Emma came and immediately comforted Draken and I but I looked more broken for Takashi. I know he really considered Yua his child, I can see how he tries to remain fair when it comes to Yua and Mika.


I went to him and hugged him from the side, while he was spacing out. I kissed his shoulder and he rested his head on my chest. I felt his tears stream down and I just let him cry while caressing his hair.


They were looking at us but I just gave them an assurance that it's okay.


"You know," he said in between his sobs, "one of the reasons why I didn't look for you was because she told me she'll abort the baby if I left her for you.

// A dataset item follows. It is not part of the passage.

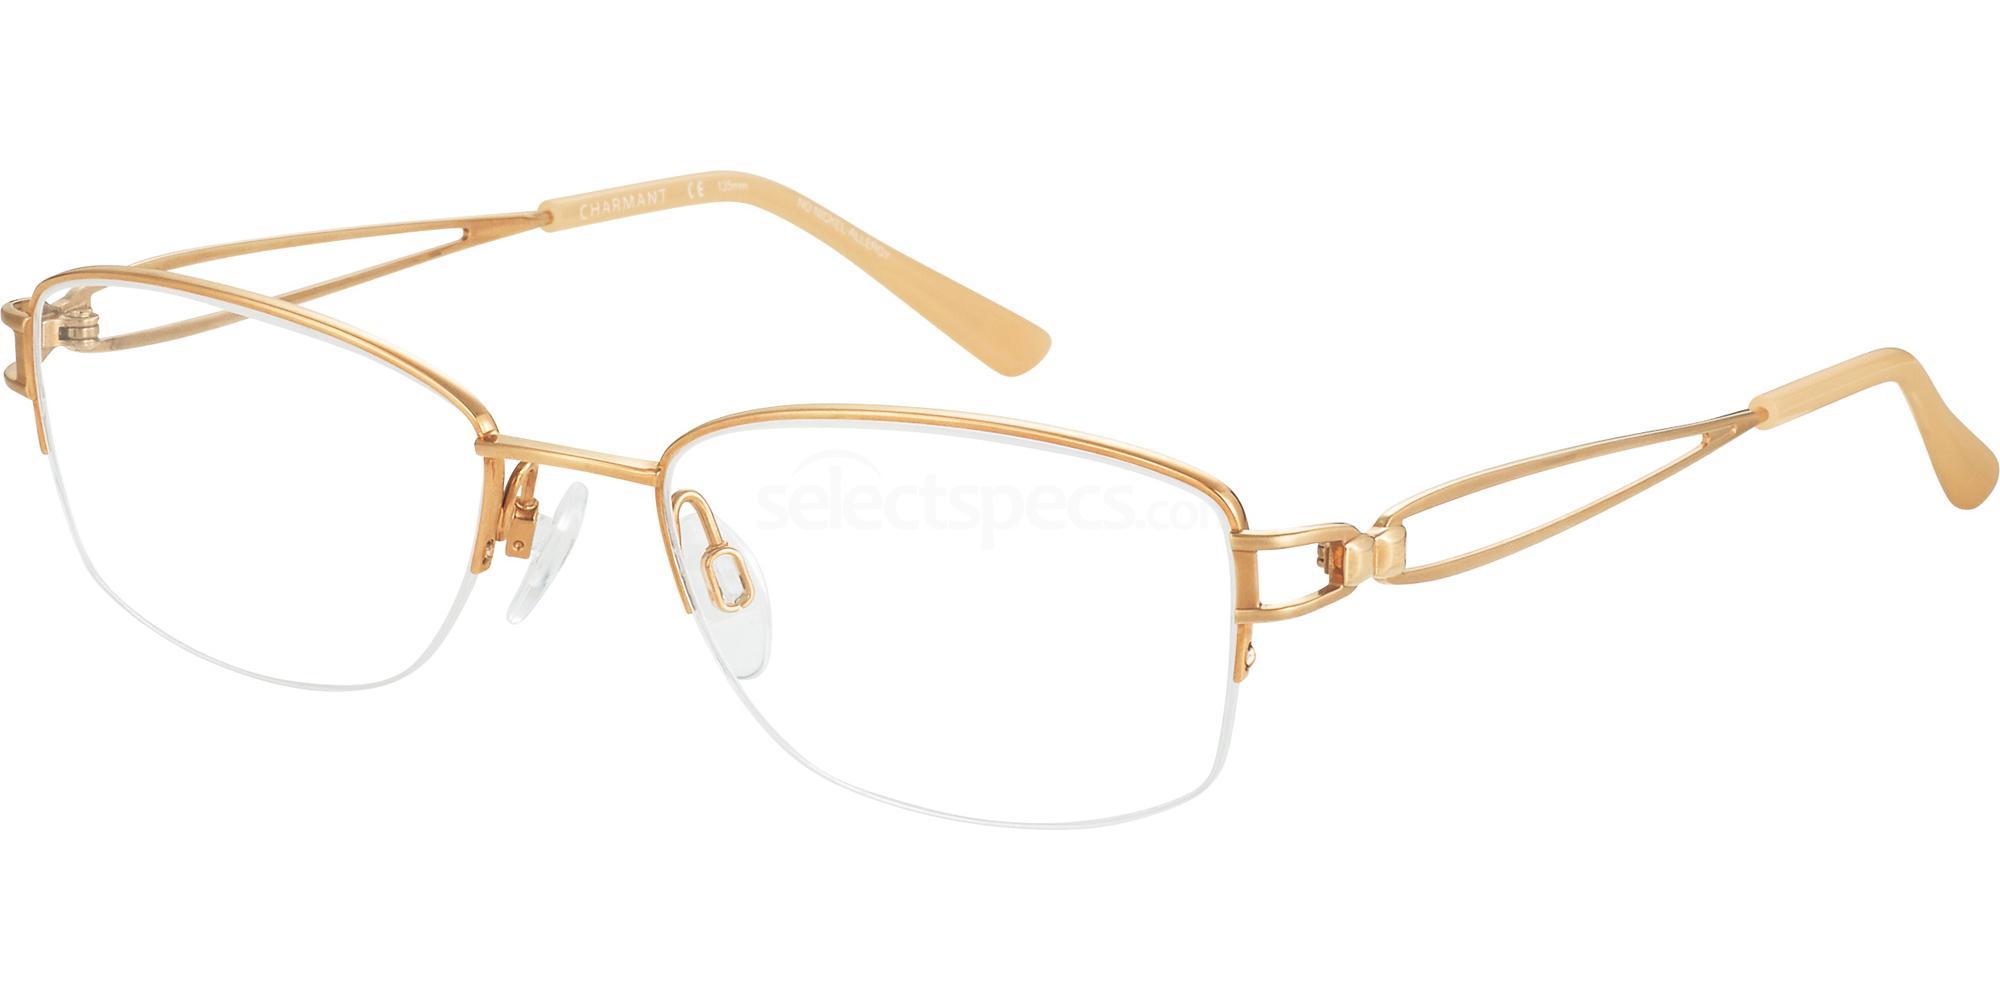 GP CH12131 Glasses, Charmant Titanium Perfection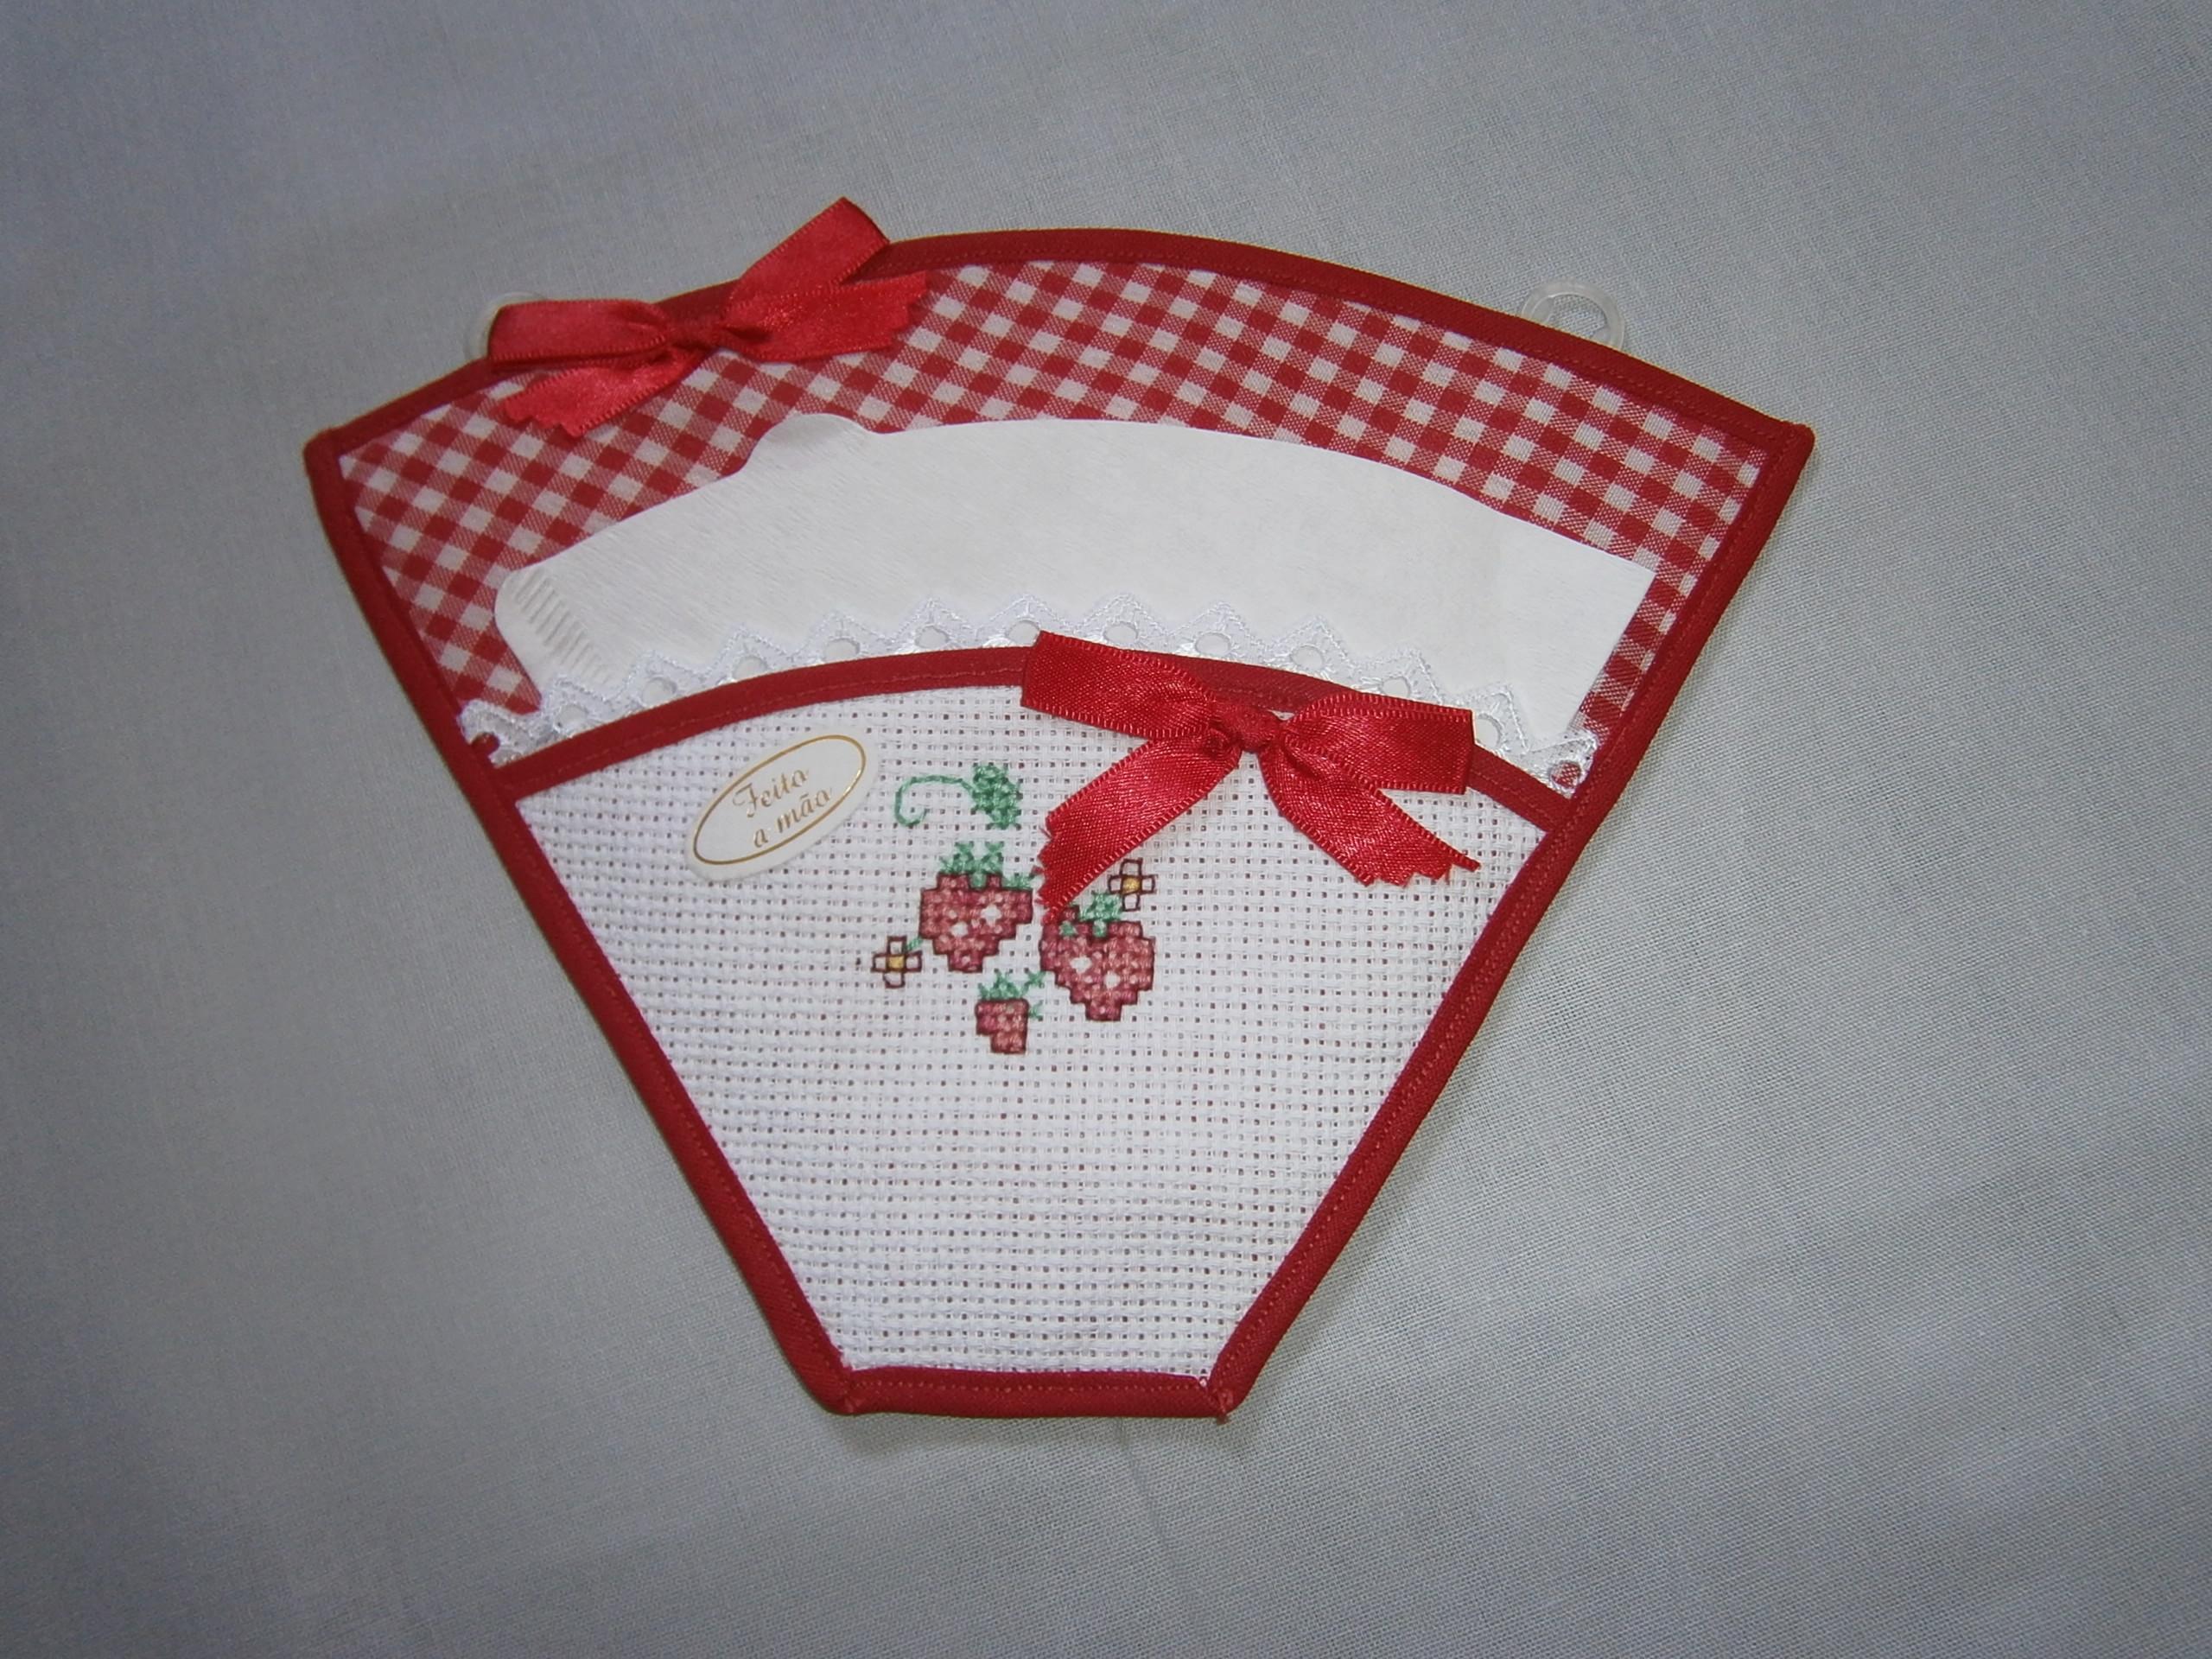 Porta Filtro Xadrez Vermelho

I didn't know you were pregnant back then, so I stayed for Yua."


I just listened to him while brushing his hair in between my fingers, I'm done hating him for what he did. The time won't turn back for the both of us if I'll keep on holding on to my grudge towards him.


"I wasn't there for Mika because I stayed for Yua," he laughed sarcastically, "and now, it's the same person who brought us here now."


What happened to Mika is painful to me. In those four years that I took care of her, my greatest fear is that one day I'd wake up without her. That one day, I'll have to face the pain of losing someone again but this time it's permanent and it's my kid.


But the pain on Takashi's side is greater, that I know for sure. The regret of not being able to hold Mika as a newborn baby. The pain of seeing her this fragile now that their roads finally crossed. I would give everything just so she could survive.


"Miss Ryuguji?" the doctor came out and we immediately stood up


"That's me, I'm her mother," I told the doctor


"Given her age, we really can't declare that she's safe now. She's still in critical condition, but we're trying our best to save her. For now, we could only allow at least two visitors since she is vulnerable. Once she wakes up and will be stable, we'll move her to a regular room," he explained and I just nodded


"What are the chances?" I asked


"Fifty fifty," his answer made me look down on the floor


By medical terms, fifty fifty is already good enough for us in the medical field. It's already enough to tell us our patients could still fight but.. as a mother, it hurts.